P. aeruginosa strains encoding ExoU trigger intracellular caspase-1 activation in PMVECs. (A,B) P. aeruginosa strains expressing ExoU exclusively activate caspase-1 in PMVECs during infection as measured by FLICA and flow cytometry ((A) laboratory strain PA103, (B) clinical isolates, bacteria inoculated at MOI = 40:1). Data analyzed by one-way ANOVA with Tukey’s post-hoc (* p < 0.05). (C) Intracellular caspase-1 activation by ExoU depends on PLA2 activity as demonstrated by addition of the PLA2 inhibitor, MAFP (5 µM), and the ExoU-specific inhibitor Pseudolipasin A (PsA, 50 µM). DMSO was tested as a vehicle control for the PLA2 inhibitors. (D) ExoU activates intracellular caspase-1 in the absence of infection. PMVECs were engineered to express an inducible ExoU isoform (L618) or an activity-null control (S142A). Caspase-1 activation was measured using the FLICA assay comparing non-induced and induced conditions. Data analyzed by one-way ANOVA with Tukey’s post-hoc (**** p < 0.0001). (E) Engineered PMVECs were treated as in panel (D), except a set of cultures under induction conditions was also inoculated with the PA103 ΔexoU exoT::Tc (MOI = 40:1) and caspase-1 activation measured using the FLICA assay. Data analyzed by one-way ANOVA with Tukey’s post-hoc (**** p < 0.0001). Data represent n = 3–5 biological replicates.
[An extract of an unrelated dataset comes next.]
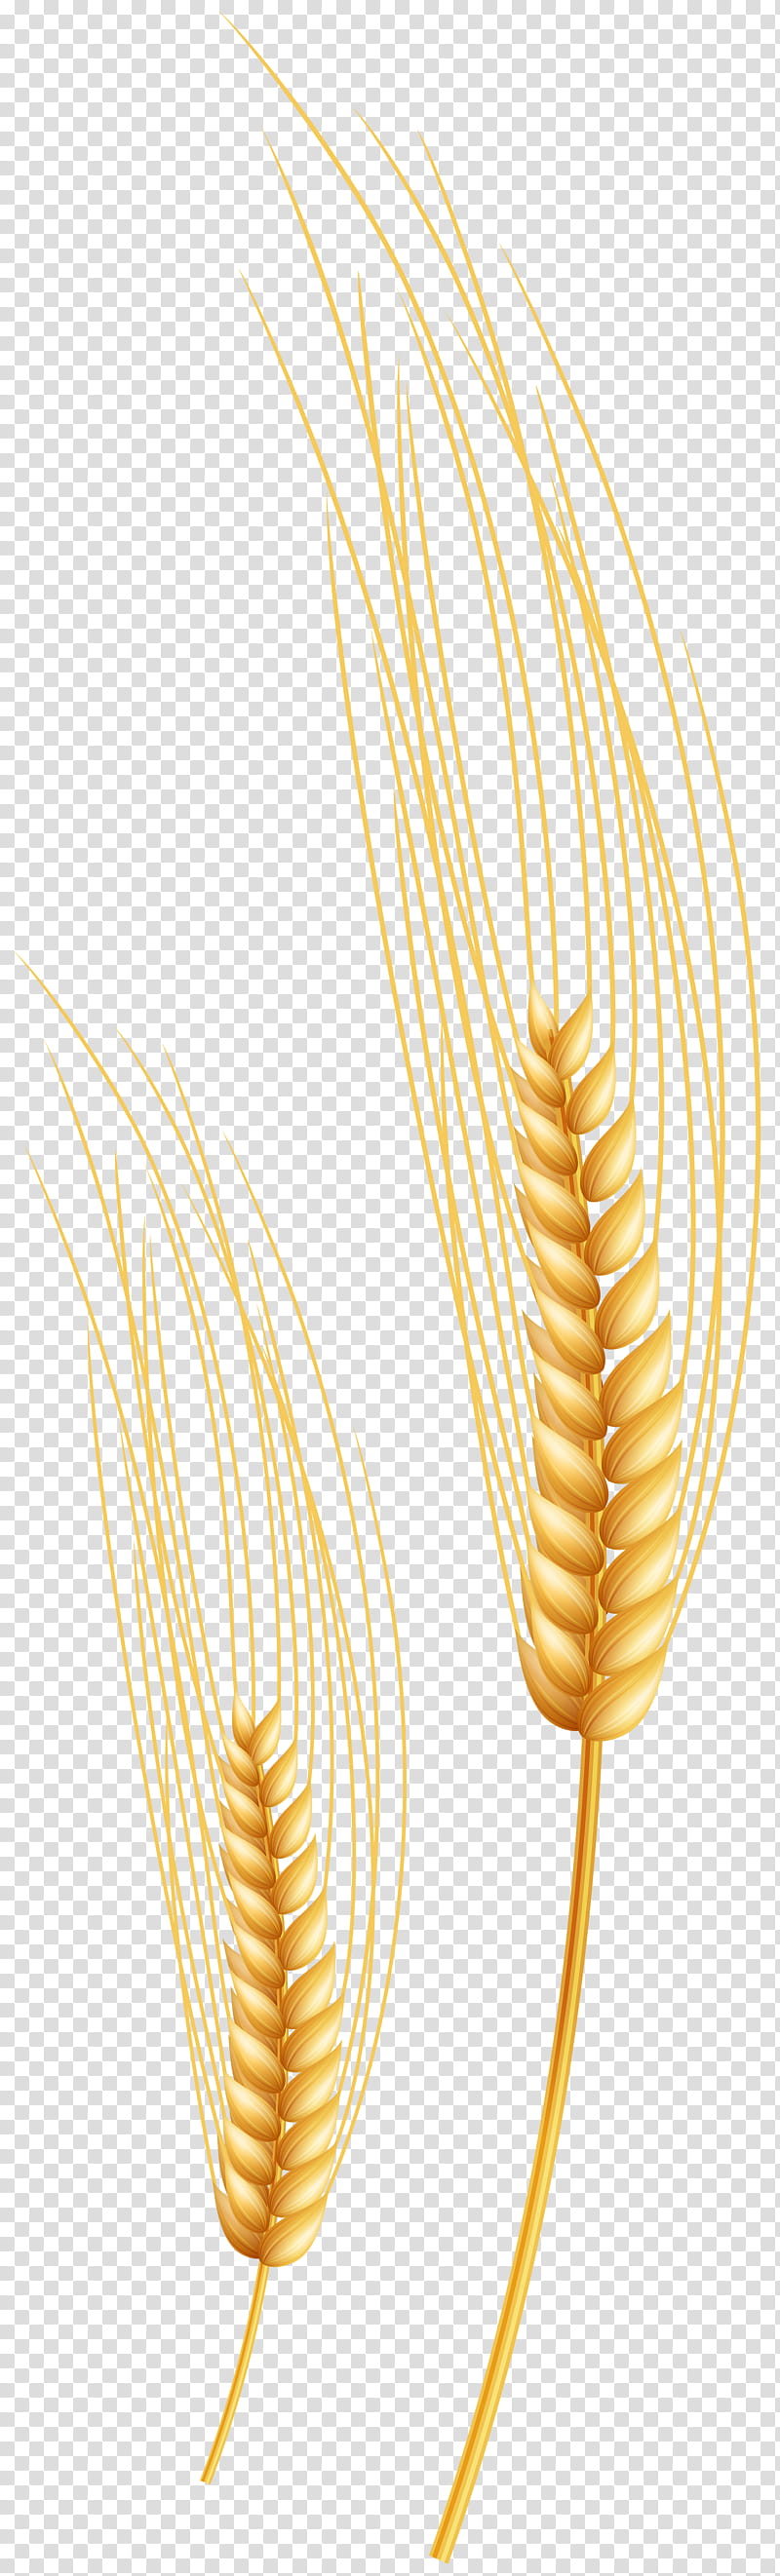 Wheat, Grasses, Peafowl, Art Museum, Commodity, Grass Family, Food Grain, Fusilli transparent background PNG clipart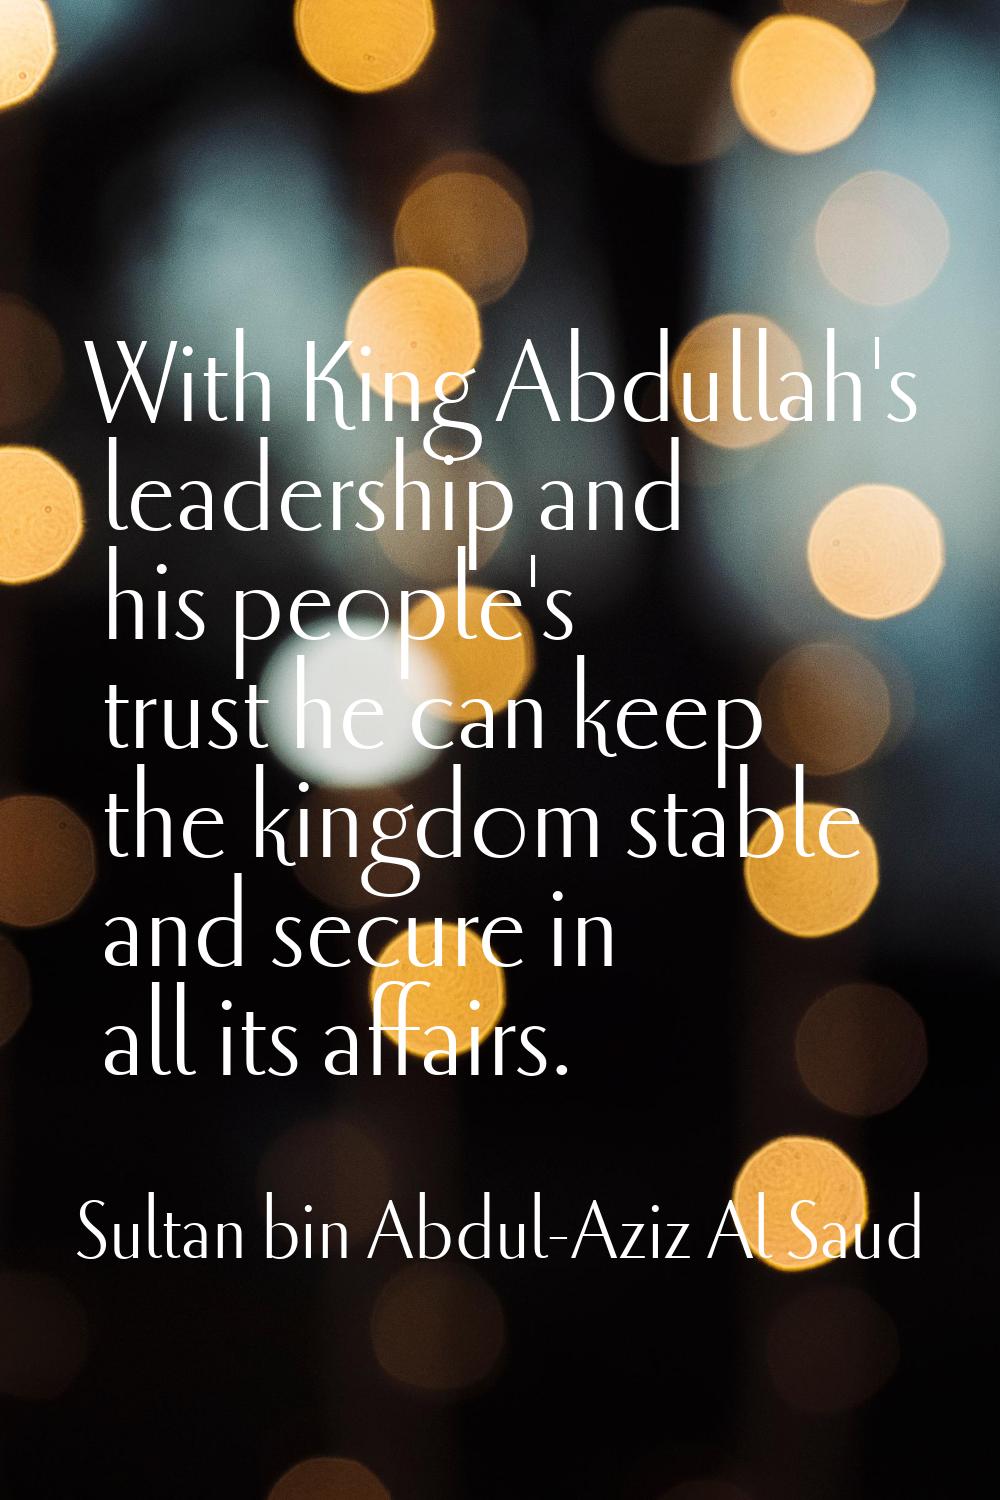 With King Abdullah's leadership and his people's trust he can keep the kingdom stable and secure in

To determine whether ExoU alone, in the absence of infection, was able to activate caspase-1 in PMVECs, we used an ectopic expression system to induce intracellular ExoU expression [52]. This system uses a pseudo-lentivirus to integrate the exoU coding sequence into the PMVEC genome under the control of a doxycycline-inducible promoter. In this expression construct, ExoU is also tagged with a protein degradation epitope to tightly regulate protein production via addition of a stabilizing compound (Shield1; for further details on the system, please see reference [52]). Two different exoU mutants were introduced into PMVECs. Due to the high toxicity of ExoU, our studies employed a previously described ExoU-L618 mutant harboring a 5 amino acid insertion that diminishes, but does not ablate, PLA2 activity, allowing for stable integration of the expression cassette into the genome [53]. In addition, we tested an activity-null ExoU-S142A mutant. The data in Figure 2D show that ectopic expression of ExoU-L618 in PMVECs was able to induce caspase-1 activation in the absence of infection, whereas the activity-null ExoU-S142A mutant did not. Intriguingly, infection of the ExoU-L618-expressing PMVECs with the PA103 mutant lacking ExoU and ExoT triggered robust caspase-1 activation (Figure 2E), indicating that other bacteria-associated factors are also involved in caspase-1 activation during P. aeruginosa infection. Together, these data indicate that ExoU is able to activate caspase-1 in PMVECs, in a PLA2-dependent manner.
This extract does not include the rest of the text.